Ah, you nod knowingly. That kind of stuff. Nothing worth anything to anyone else. Pictures - some of them over 100 years old. The thought of losing all of them to the flames pressed on my conscience. So I decided to have a photographer scan them onto DVDs. I got as far as my great-grandmother's color portrait, the cost too prohibitive.

Then I took them all out of crumbling scrapbooks and transferred the prints to archival-quality boxes - they're stored on the top shelf of the closet now. The suitcase now is essentially empty, except for blobs of old birthday candles, a feather headdress from the 50s, and other assorted detritus from a childhood spent on the move.

In the process of peeling the old photos from my mother's little pasted corners and sometimes just chunks of yellowing clear tape, I got to know my parents in a way that somehow had escaped me over the years. There were notations on the backs of some of the photos, asides from an era about which I was ignorant. More about those revelations in a later post.

Now I'm left with a suitcase I can't quite part with. Managed to pry it from the closet before I liberated the fading images. Now the old pasteboard relic sits in the hallway, right beside piles of skis, ski boots, and bike paraphernalia. Detritus of my own from the era I'm living today.

I know there's a better place for the poor old thing - can't think of where, though. My children struggle with their own challenges. The threat of flooding in Boulder hangs over the head of one while the other is carving out a new life at the opposite end of the state.
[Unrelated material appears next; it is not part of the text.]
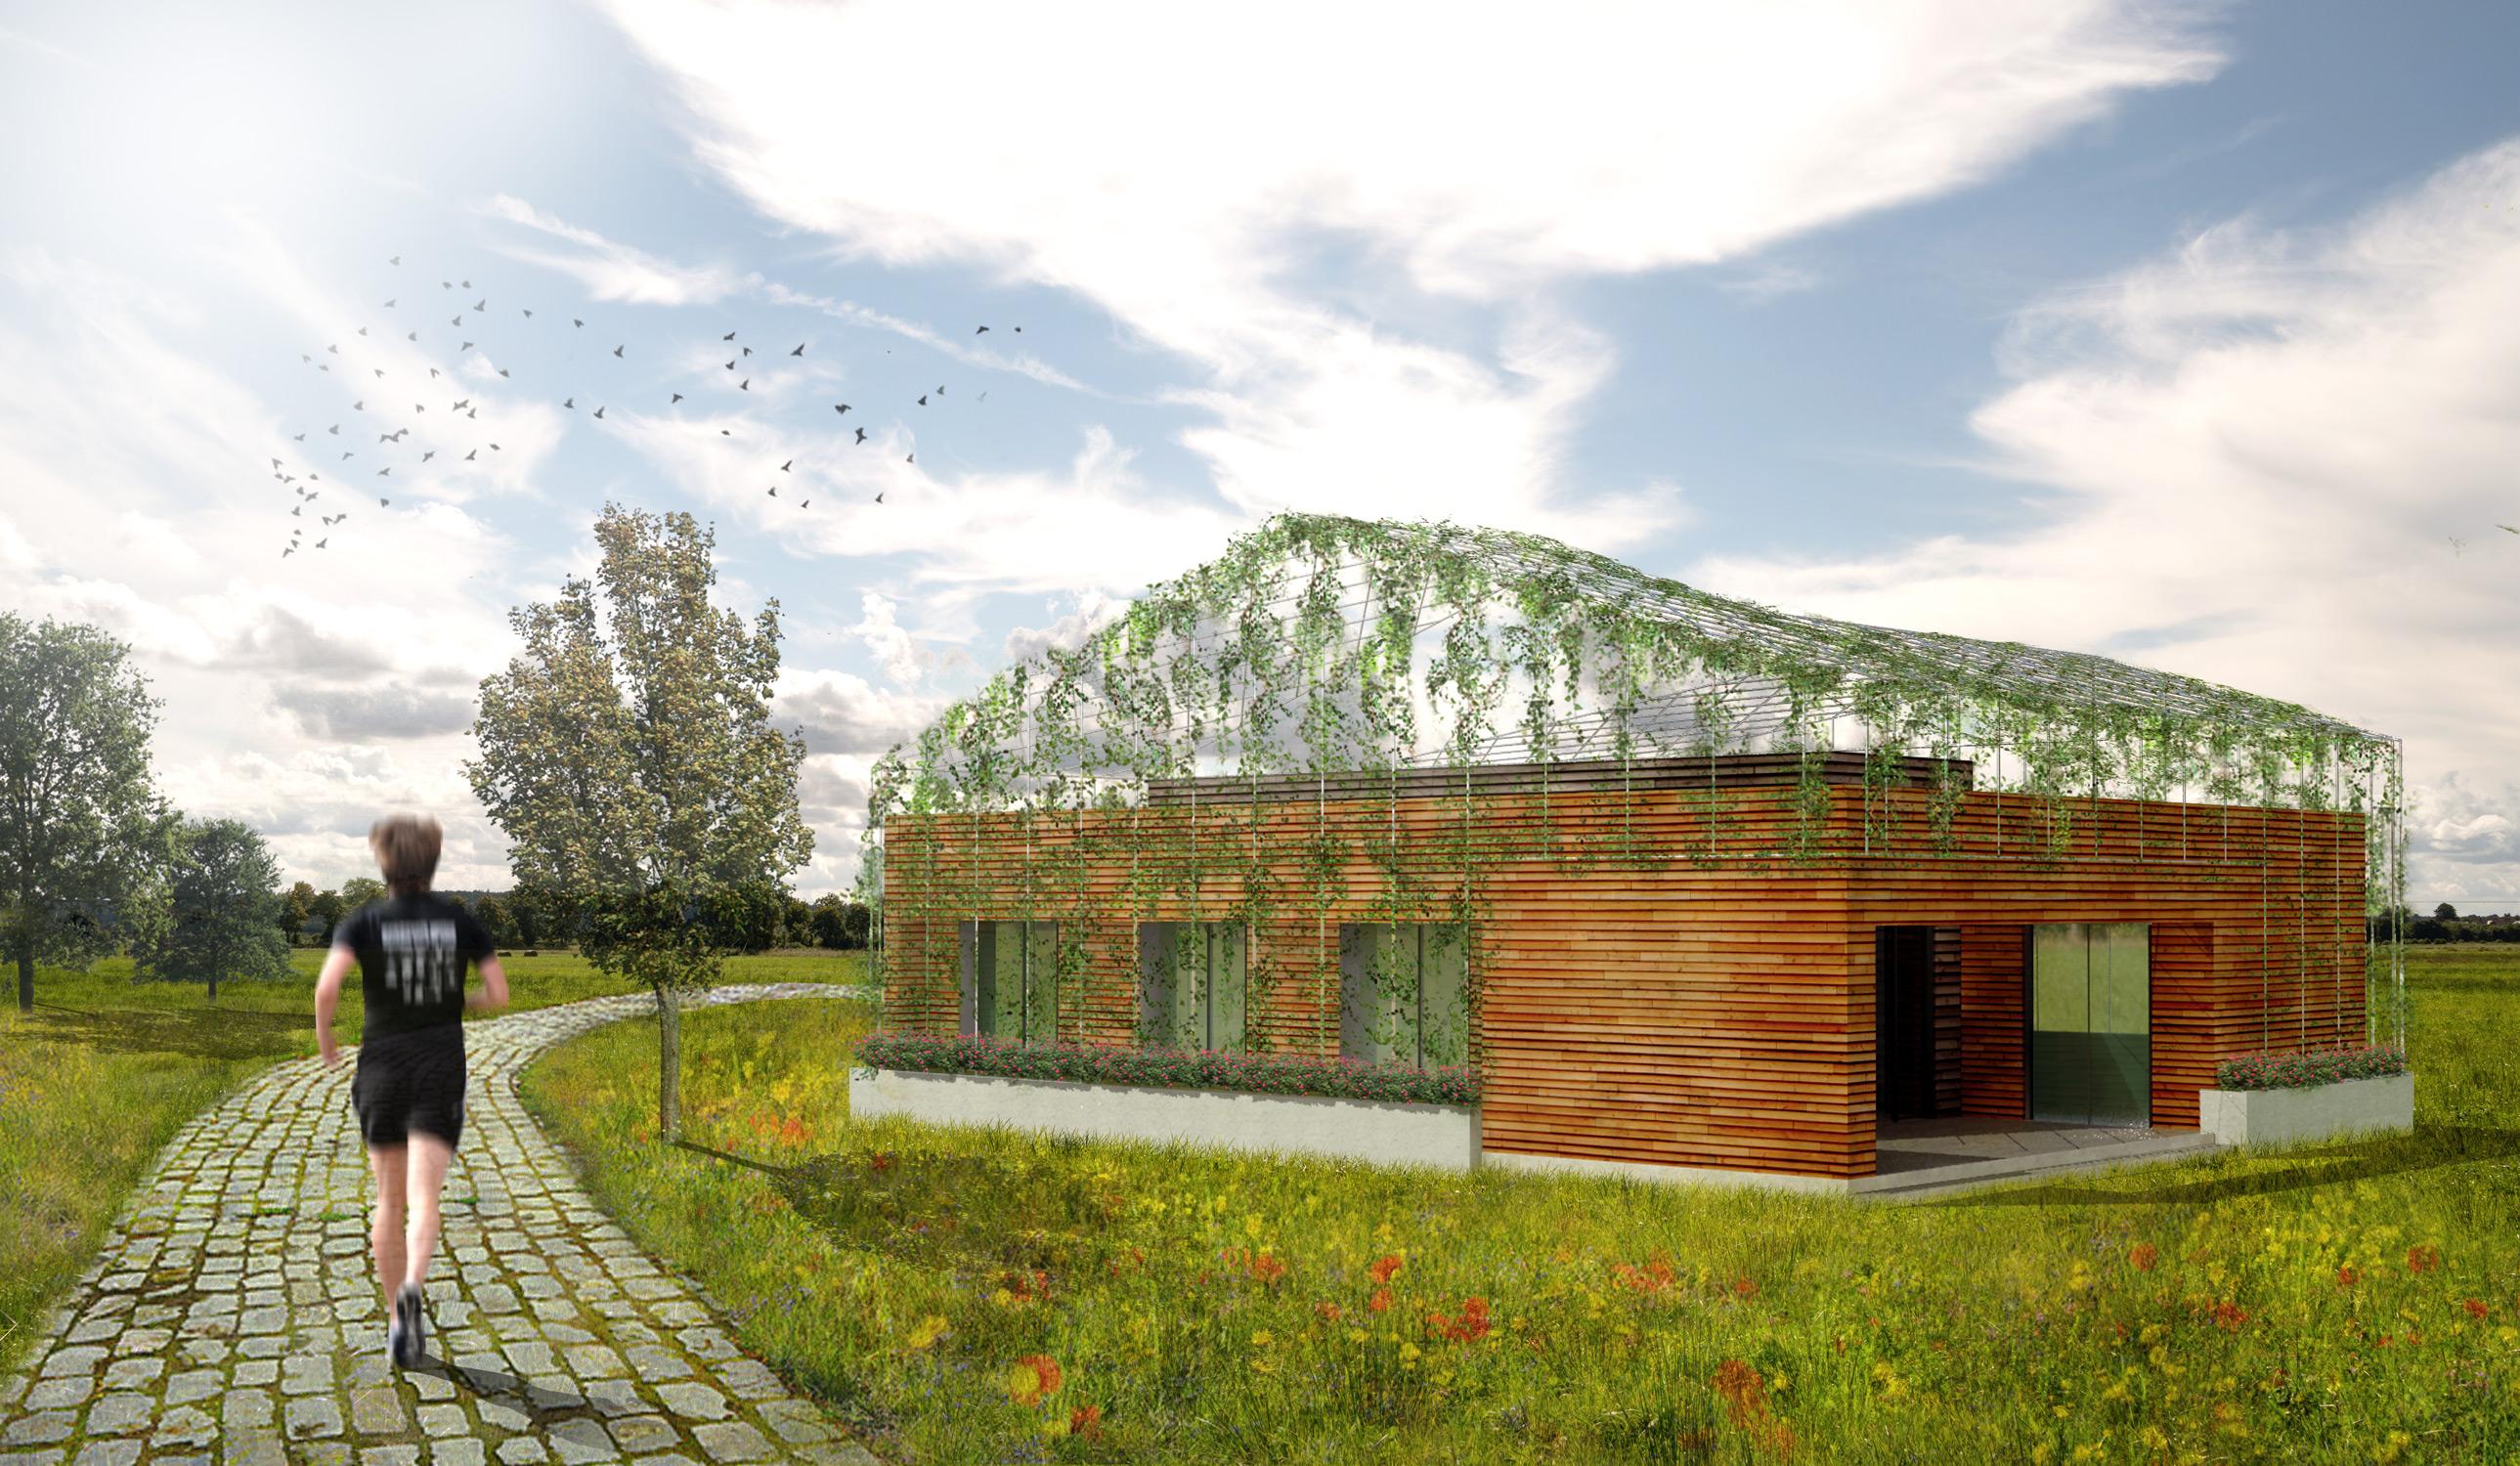 Casas ecol gicas precios idealista news - Casas ecologicas en espana ...

I'm certain the curse of the traveling suitcase has to end with me.

How I was going to end the curse was beyond me until I realized: Time is the answer. That's what we all need. Time can cure one threat, but presents us with another.

In the end, family and friends are what's important, what endures. The things we carry with us in life are just symbols of those connections, those memories.

People who have just minutes to decide what's important, choose love, of family, of friends, of their neighbors, their pets. It's simple.